E poi c’è il tema degli attacchi informatici e della cyberdifesa, su cui la Commissione si impegna a varare norme comuni nel quadro di una nuova legge europea sulla cyberresilienza. Infine, l’aspetto dell’interoperabilità, con gli investimenti già in corso in piattaforme comuni europee, dai jet da combattimento ai droni e alla cibernetica e la possibilità di considerare l’esenzione dall’Iva per l’acquisto di materiale di difesa sviluppato e prodotto in Europa.
Von der Leyen ha fatto riferimento alle varie discussioni che ci sono state nelle ultime settimane sul tipo di “forze di spedizione” da creare: “gruppi tattici (Battlegroup) o forze di intervento dell’Ue”. “La questione fondamentale, però, è il motivo per cui in passato ciò non ha funzionato. Si possono avere le forze più avanzate al mondo, ma se non si è mai pronti a utilizzarle, qual è la loro utilità? Ciò che ci ha frenato finora non è solo una carenza di capacità: è la mancanza di volontà politica”, ha rimarcato.

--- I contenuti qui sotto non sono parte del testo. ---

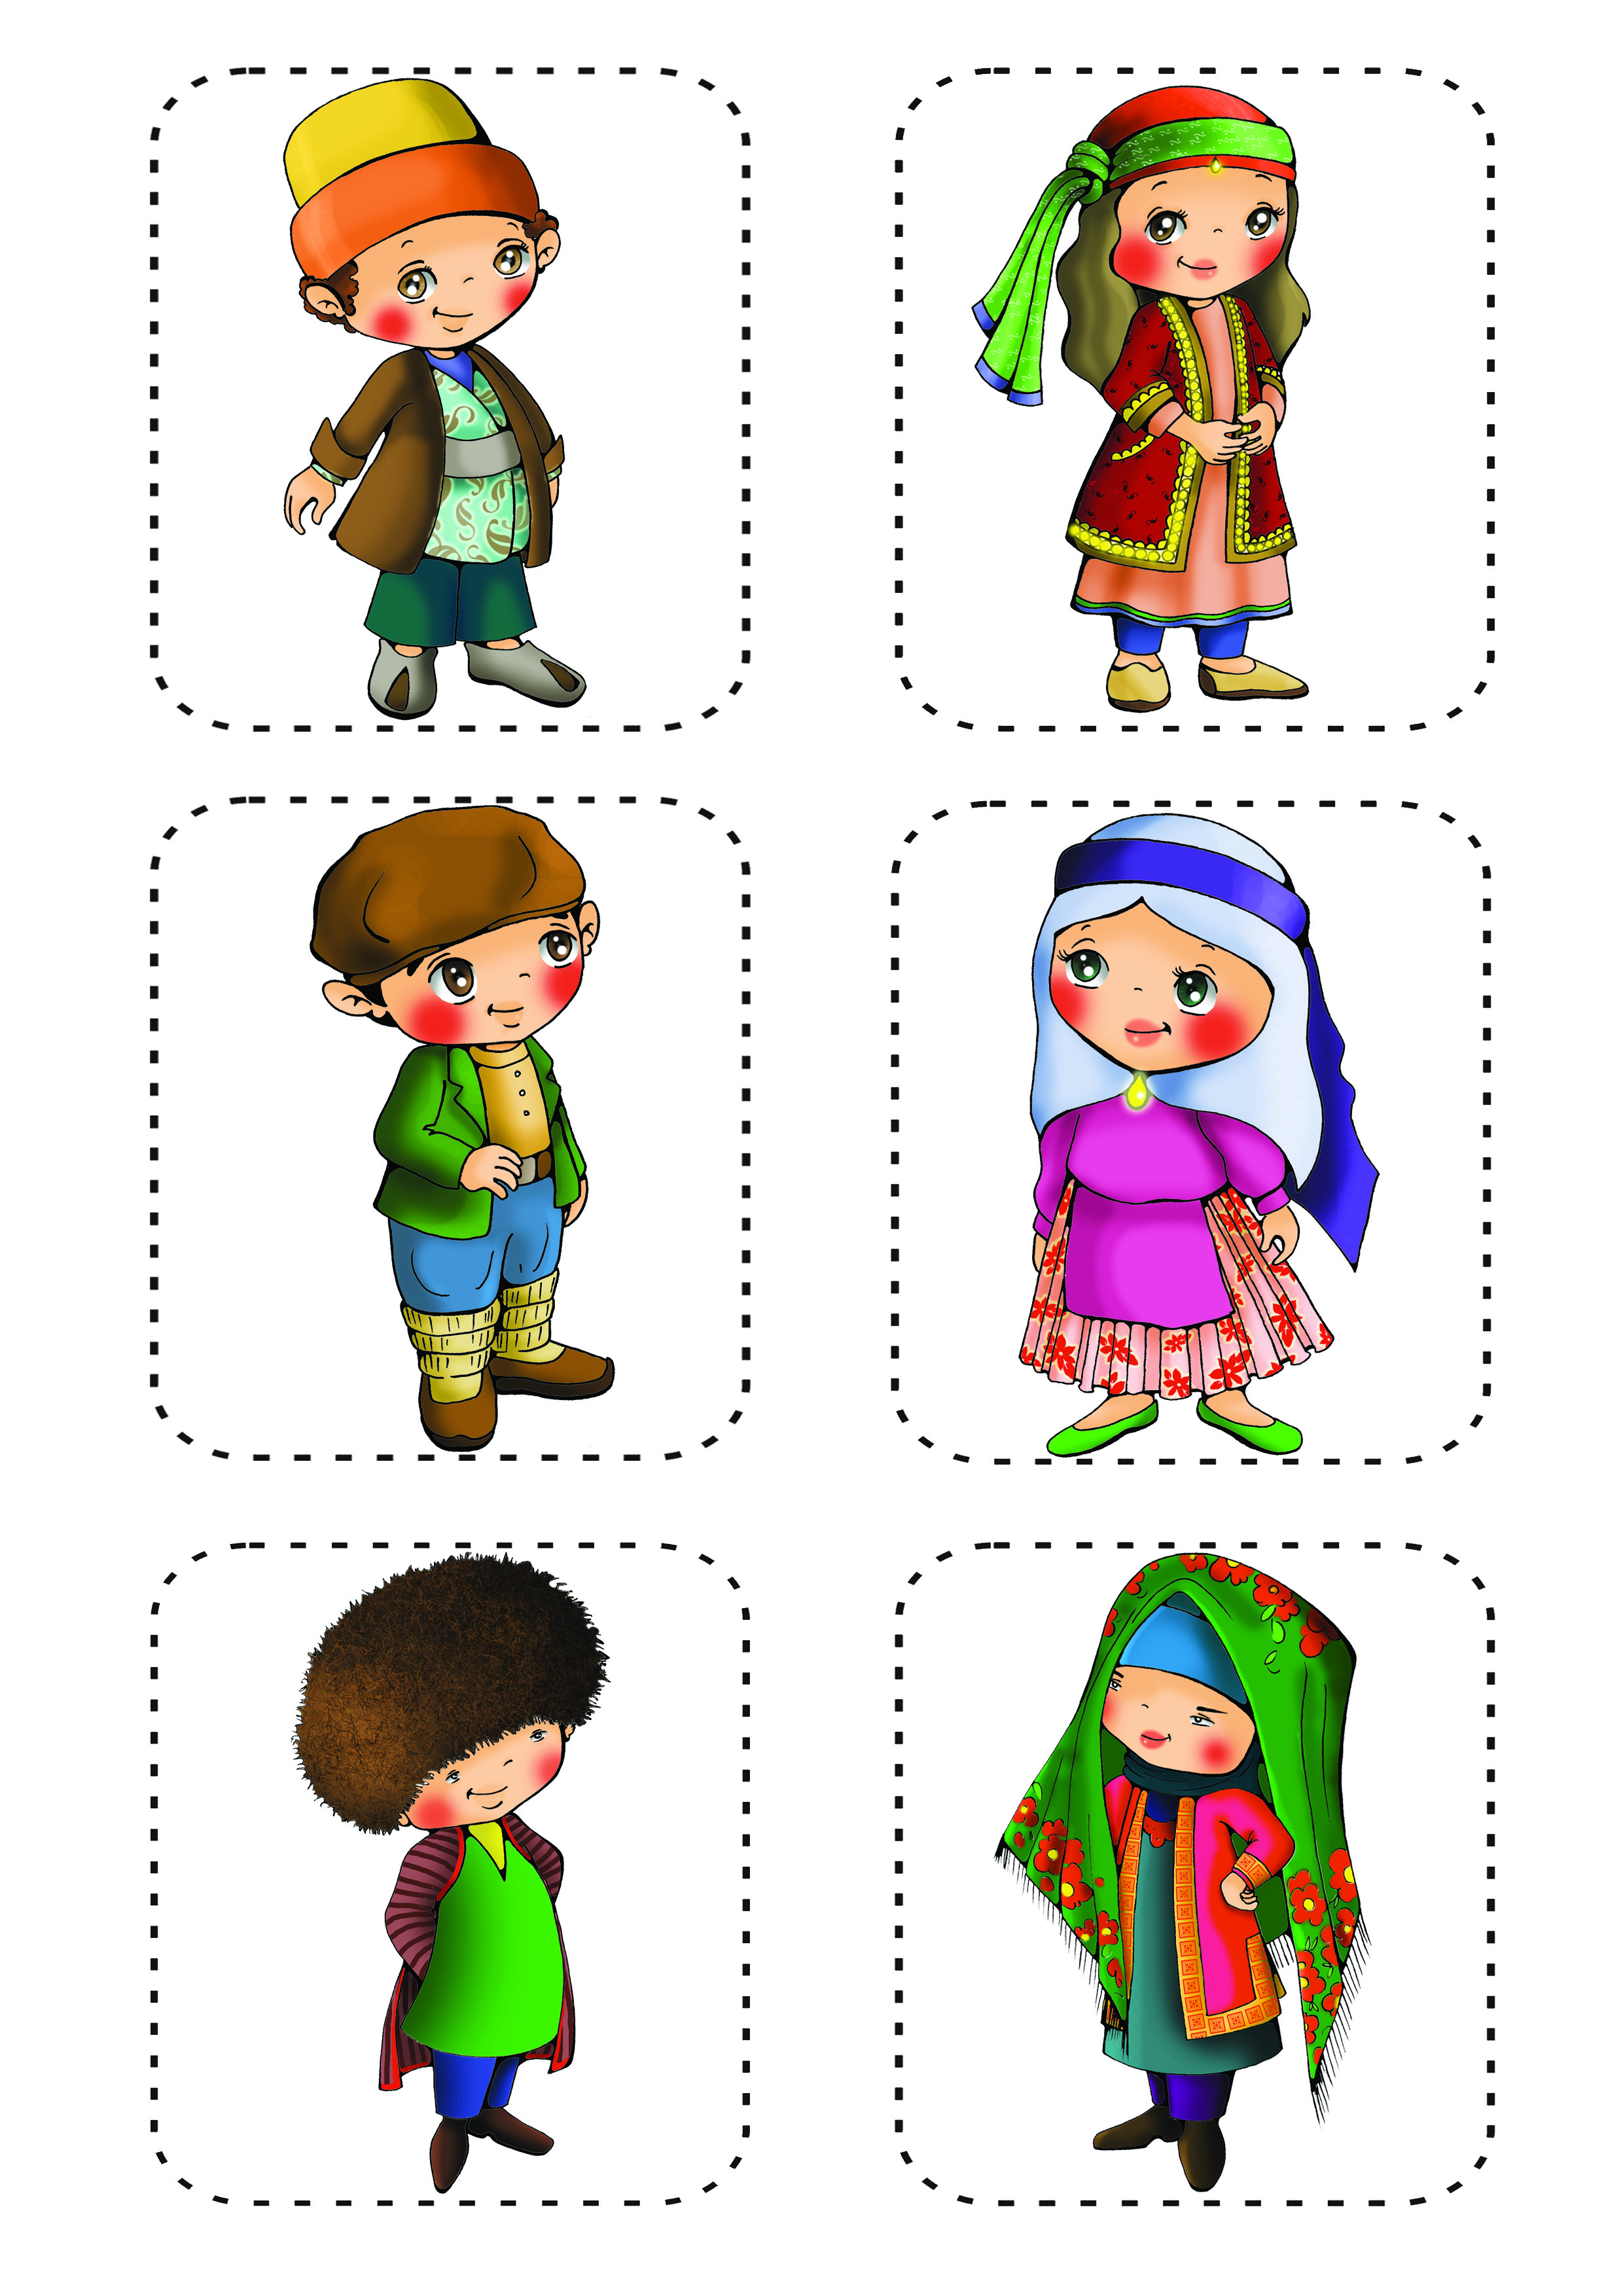 نقاشی لباس محلی اصفهان

Fonti della Commissione ribadiscono che la nuova forza potrebbe essere il potenziamento dei gruppi (Battlegroups) dell’Ue creati nel 2007 ma mai utilizzati in teatri di operazioni di guerra e che ora potrebbero costituire il “nucleo chiave” di una forza di intervento rapido Ue. In ogni caso “non si tratterà di un ‘esercito europeo’ nuovo di zecca”.
Le truppe per le operazioni militari dell’Ue, inclusa una futura forza di ingresso iniziale, saranno fornite dagli Stati membri. Non indosseranno insomma la divisa Ue. “Attualmente non si discute sulla creazione di un esercito europeo”, spiegano da Bruxelles. Le truppe “si allenerebbero e si eserciterebbero insieme al fine di condurre solide operazioni militari guidate dall’Ue e reagire rapidamente alle crisi emergenti”, continua la portavoce della Commissione.
Ed è proprio questo l’obiettivo ultimo dell’Ue. Evitare di trovarsi impotenti e subire le scelte altrui come accaduto dopo la brusca ritirata degli Usa dall’Afghanistan. “Non perché si tratti di costruire un’alternativa alla Nato, assolutamente, ma perché in alcune aree Mediterraneo, Balcani, Africa, Medio Oriente, non avremo più una presenza continua degli Stati Uniti come quella che abbiamo avuto per decenni, nel dopoguerra”.
Anche von der Leyen si è affrettata a dire che l’intenzione non è aggirare il ruolo della Nato. Anzi ha detto che la Commissione sta lavorando con il segretario generale Jens Stoltenberg a una nuova dichiarazione congiunta Ue-Nato da presentare entro la fine dell’anno. Non solo: durante la presidenza del Consiglio dell’Ue francese von der Leyen convocherà con il presidente Emmanuel Macron un vertice sulla difesa europea. “L’Europa – ha rimarcato la presidente – può essere in grado e avere la volontà di fare di più in autonomia. L’Unione europea è un garante della sicurezza unico nel suo genere. Vi saranno missioni in cui la Nato e l’Onu non saranno presenti, ma a cui l’Ue dovrebbe partecipare”.(LaPresse)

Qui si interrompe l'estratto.